An Eclipse's Lacy Pattern Is Painted on My Page

During an eclipse, small openings in leafy canopies act as lenses, and plants' shadows are filled with multiple images of the event.

It is dark in here, and quite chilly - so strange, for a cloudless blue sky arches outside, and my wristwatch says it's only 10:30 a.m. Outside the window, a subdued light filters dimly through our vine trellis, but on the window itself appear hundreds of tiny, smudged smoke-like rings, and now I see they are reflected through the pane, and rest on my paper in the typewriter.

A projecting wall outside catches them also, and they make an enchanting pattern. If I were an artist, I would design a fabric featuring them, and call it "Solar Eclipse."

At 10:15 they had rested in their dozens, lightly brushing the wall, perfect little circles, softening and blurring into groups. They blended and merged until there evolved a perfect image of a planter pot, with half a dozen tiny, soft smoke-rings bubbling from its ellipse. Now, as the clock ticks away the minutes, they are barely half-moons with the shapes constantly changing, until, soon, they will be round blobs of sunlight again, making familiar patterns.

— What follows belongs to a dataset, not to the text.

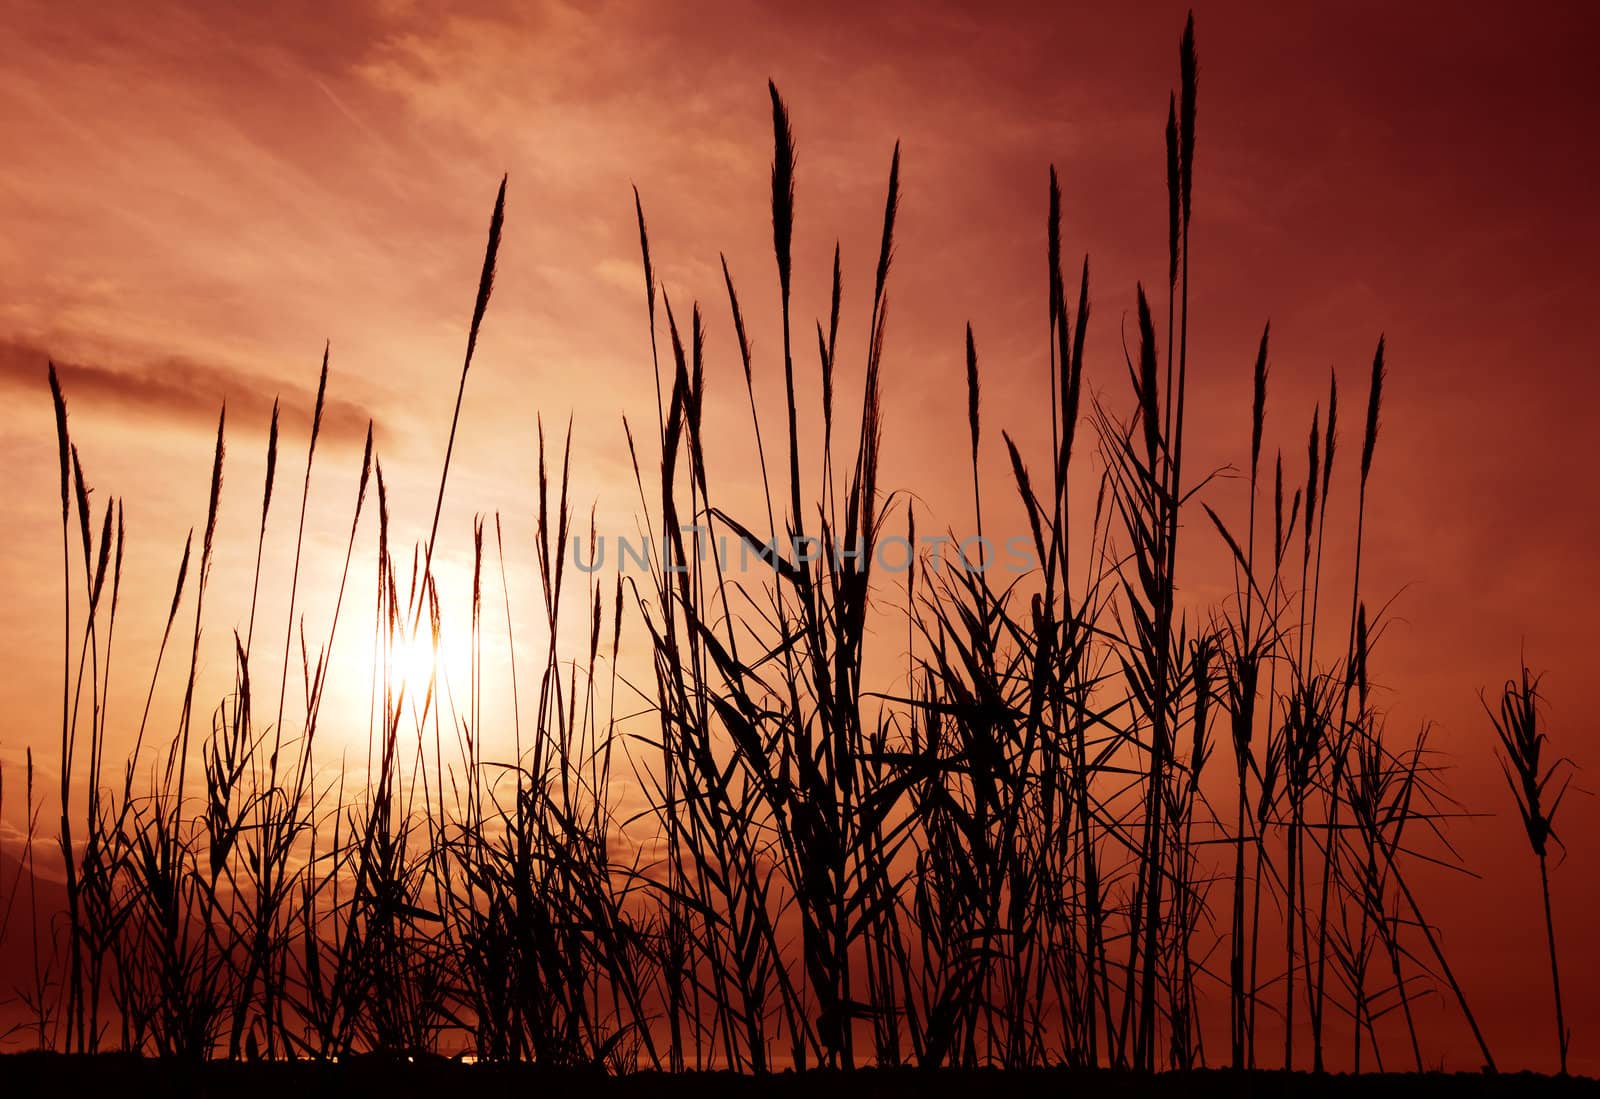 Reeds aganst a red sky by akarelias

One of the boys spent hours contriving a shoebox to see this eclipse, and we spent precious minutes experimenting with various types of magnifying glasses, photographic negatives, and other devices. Then the images appeared on the wall, the shadows through the vines, and there was not a more perfect view, nor a bigger collection of patterns than these. Certainly none could have been more charming.